I,m going to be in Italy in a few days crossing over from Austria. In Austria in a Macdonalds the wifi is free, but I believe in Italy you need an Italian registered phone to get a password that would give them access to the free wifi, so does anyone have the password that they would be willing to share?

Thanks

Peter


----------



## Stanner (Aug 17, 2006)

I think it's the same system in Germany as well, I tried to get a McD connection there and gave up in the end.


----------



## OurTour (Nov 29, 2011)

*McDonalds WiFi in Italy*

Hi Peter - yes, the Italians have enforced restrictions on open WiFi connections so they can attempt to track individual use, ostensibly as part of anti-terror operations. Same thing when you buy and Italian SIM - you have to present documentation to personally identify you so your Internet use can be tracked.

How well this all works in its attempts to interrupt terror group communications, and how much it stifles innovation and tourism, is an open point for debate. However, it would seem unwise for anyone to hand over their password, as from that point onwards anyone who has access to it will be browsing under their name. I'm no lawyer, but I'm guessing that if the police did come knocking, a defence which relied upon you saying you gave away your password may not be a good one.

We've found Italian Vodafone to be a good service though.
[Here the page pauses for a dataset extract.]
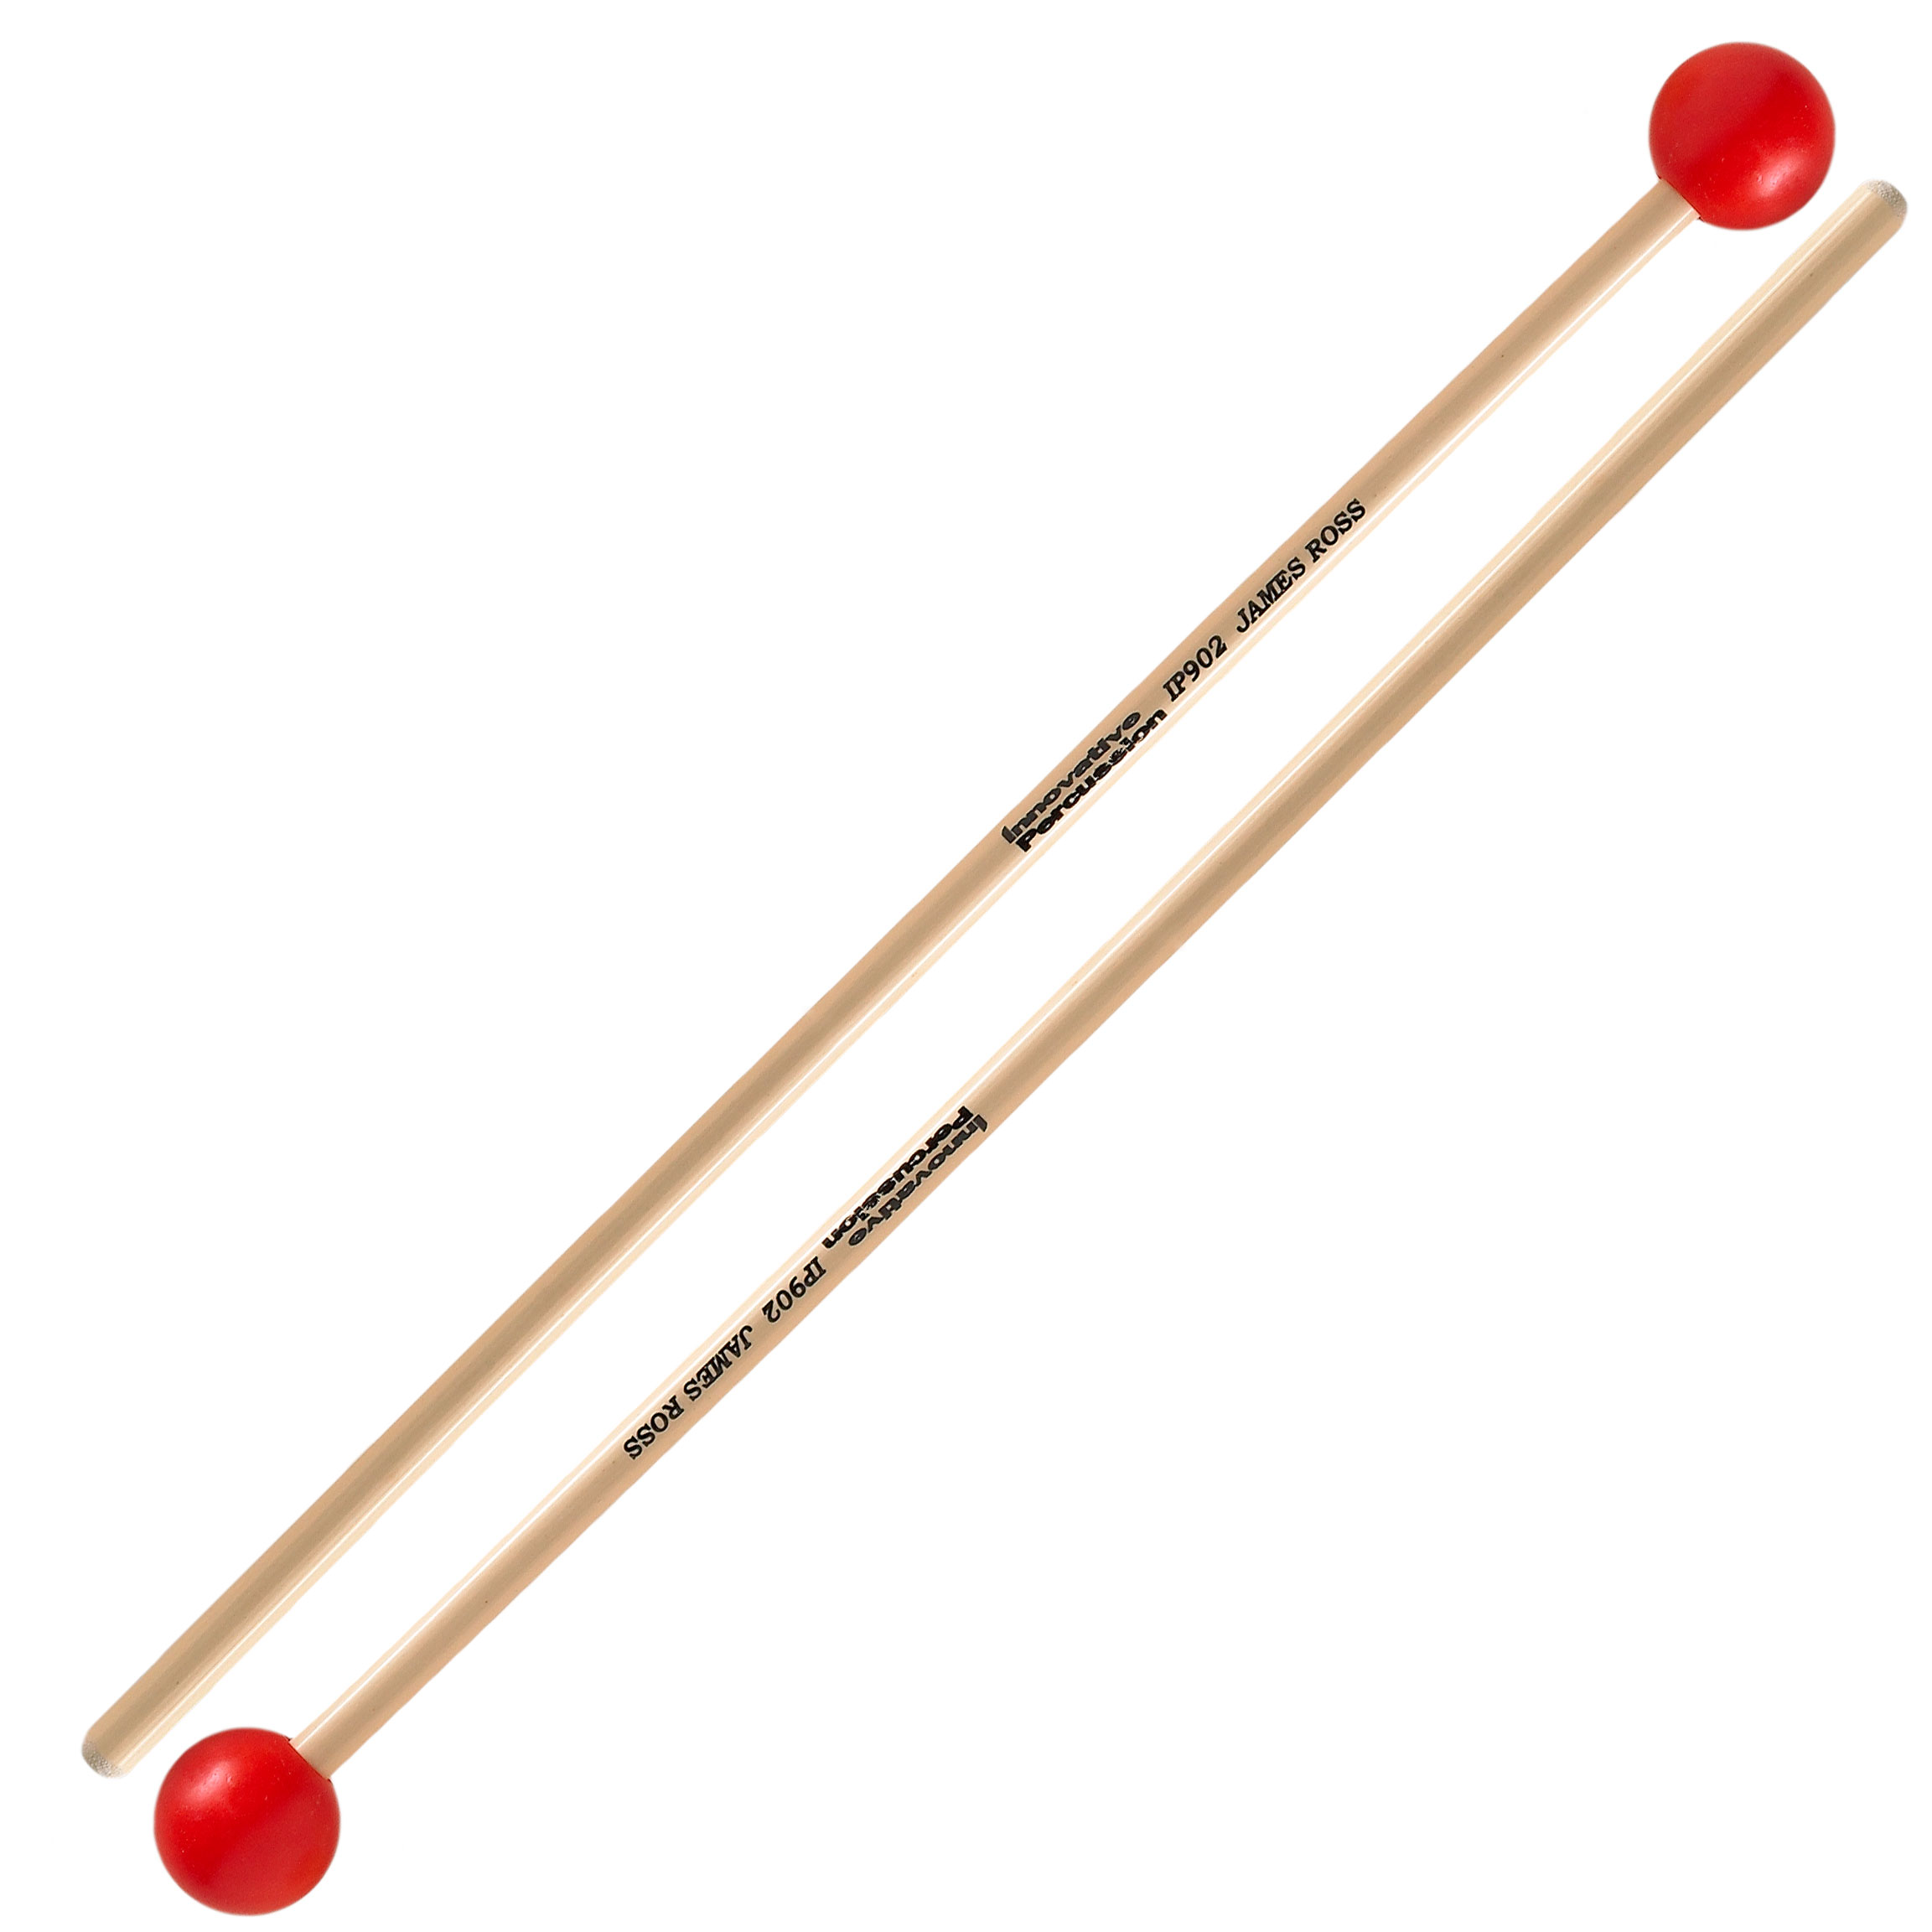 InnovativePercussion Xylophon Stick James Ross
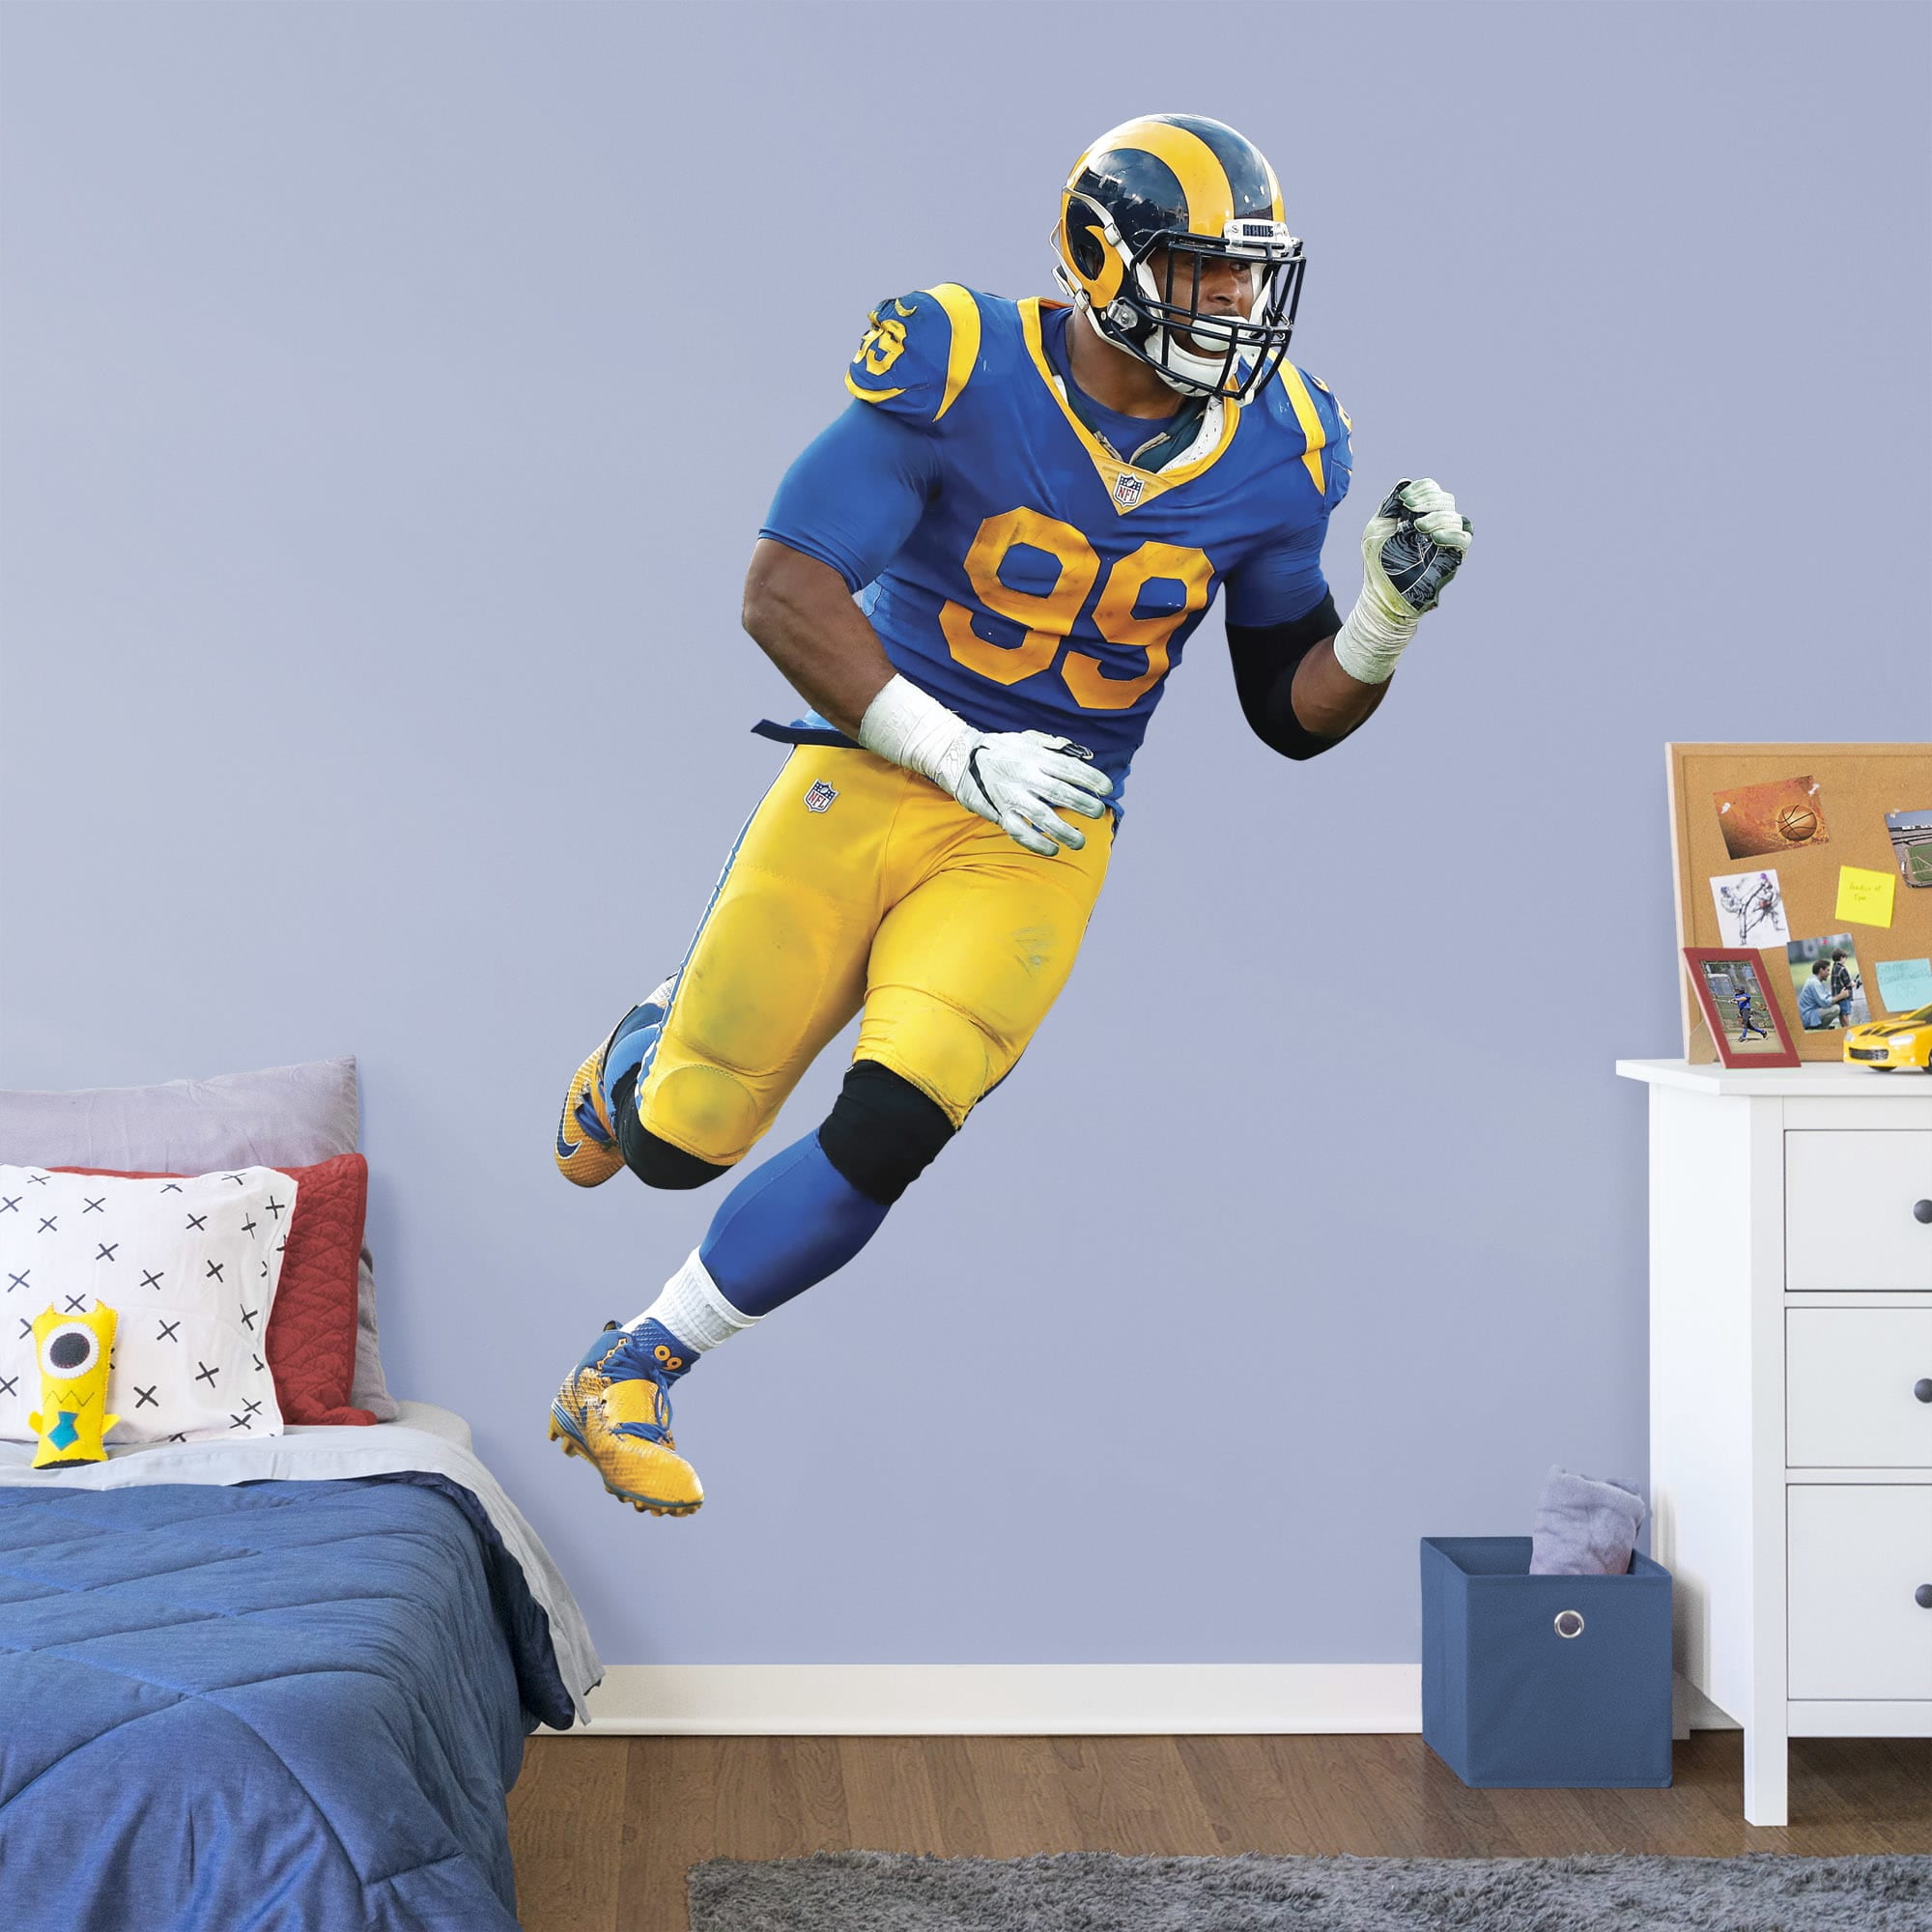 Fathead Aaron Donald: Throwback Jersey - Life-Size Officially Licensed NFL  Removable Wall Decal

Nope, it's not free, and we love free, but it's not too steep. You can either get a SIM in-country for about €20-odd for 5GB per month, no contract, or buy a pre-pay EuropaSIM from www.motorhomewifif.com, which is Italian-registered (and includes SMS messages, so you can use it to get onto free McDonalds wifi too) and gives you 500MB per day, costing €2 each day you use it. The EuropaSIM works in other European countries too, but you only get 100MB for your €2 in those places. Get in touch with Adam at motorhome wifi if you're interested in that option.

Of course, you can just buy the cheapest possible non-Internet SIM from any of the telcos in Italy, and use it just the once to get the SMS sent to you from McDonalds?

Cheers, Jason


----------



## Camdoon (Sep 21, 2012)

We managed to get a connection in McDs in Italy. We did have to go in and it took a while as the guy had a list of accounts and passwords on his IPhone. He gave us the phone (could you imagine that happening in the UK) as he was busy to try the codes and we eventually found a couple that worked. The usernames were unique and the passwords were long and complex.


----------